InterDyn: Controllable Interactive Dynamics with Video Diffusion Models
We adress the task of synthesizing human-object interactions in image space. Given an input image and a motion cue (e.g., a sequence of hand masks), InterDyn generates plausible videos that realistically capture human motion and its interaction with objects in the scene. This work demonstrates how foundation models can serve as neural physics engines, generating realistic scene dynamics without the need for explicit physical simulation.
Object collision events
We start our investigation by probing the ability of SVD to generate interactive dynamics using the synthetic CLEVRER dataset. We examine whether the model can produce object movements for uncontrolled objects in the scene, given the movement of objects entering the scene. For instance, determining how an object would move if struck by another.
Compared to ground truth physics-simulated renderings, InterDyn synthesizes dynamics that are physically plausible without explicit knowledge of the objects’ mass or stiffness.
InterDyn can also generate force propagation dynamics, where uncontrolled objects interact with each other.

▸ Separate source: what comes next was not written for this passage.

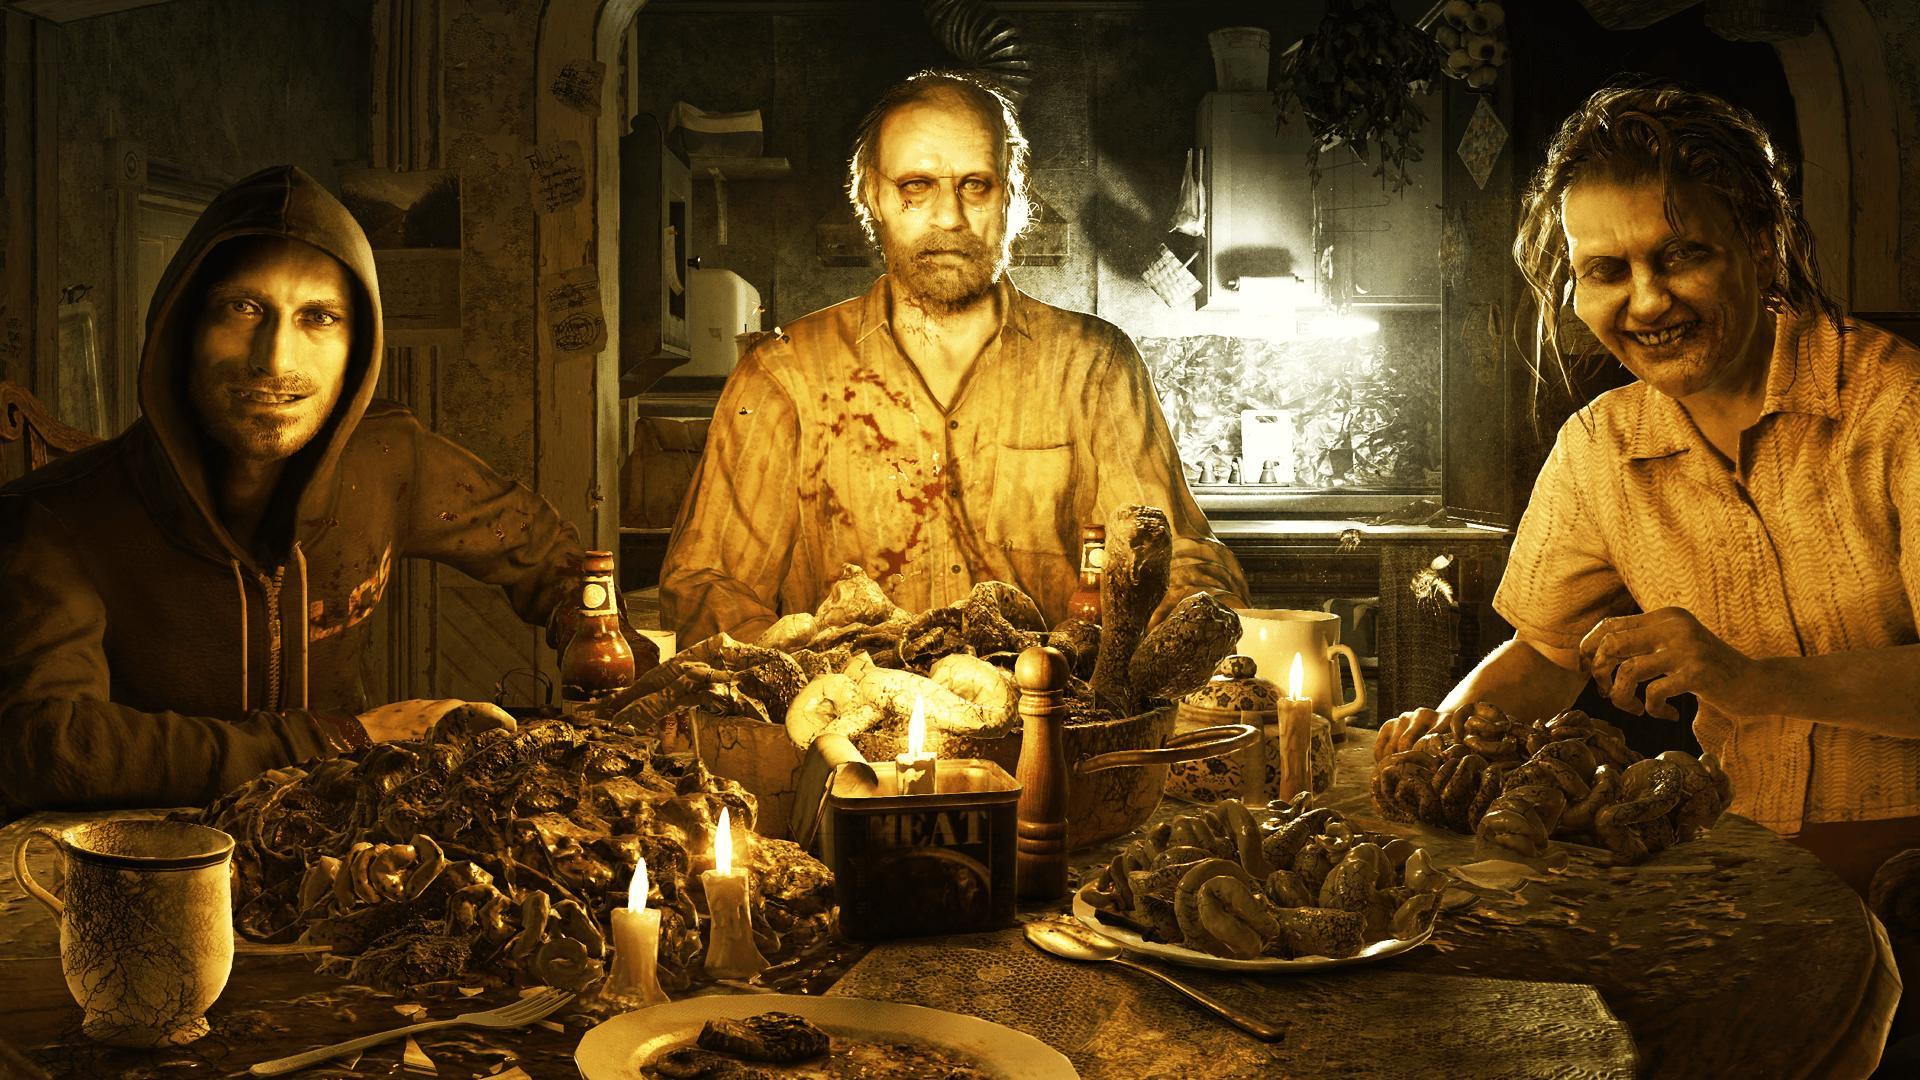 Распродажа игр отCapcom вSteam. Скидки достигают 80%, аигры серии Resident Evil отдают за19 рублей

InterDyn can generate realistic motions under counterfactual scenarios, where different interaction configurations lead to different causal effects—much like a physics simulator.
Hand-Object Interaction
We continue by evaluating InterDyn in a more complex, real-world scenarios offered by the Something-Something-v2 dataset. Originally proposed for human action recognition and video understanding, this dataset provides 220,847 videos of humans performing basic actions with everyday objects.
Sudhakar et al. recently proposed CosHand, a controllable image-to-image model based on Stable Diffusion that infers state transitions of an object. We compare InterDyn with two CosHand variants: a frame-by-frame approach and an auto-regressive approach.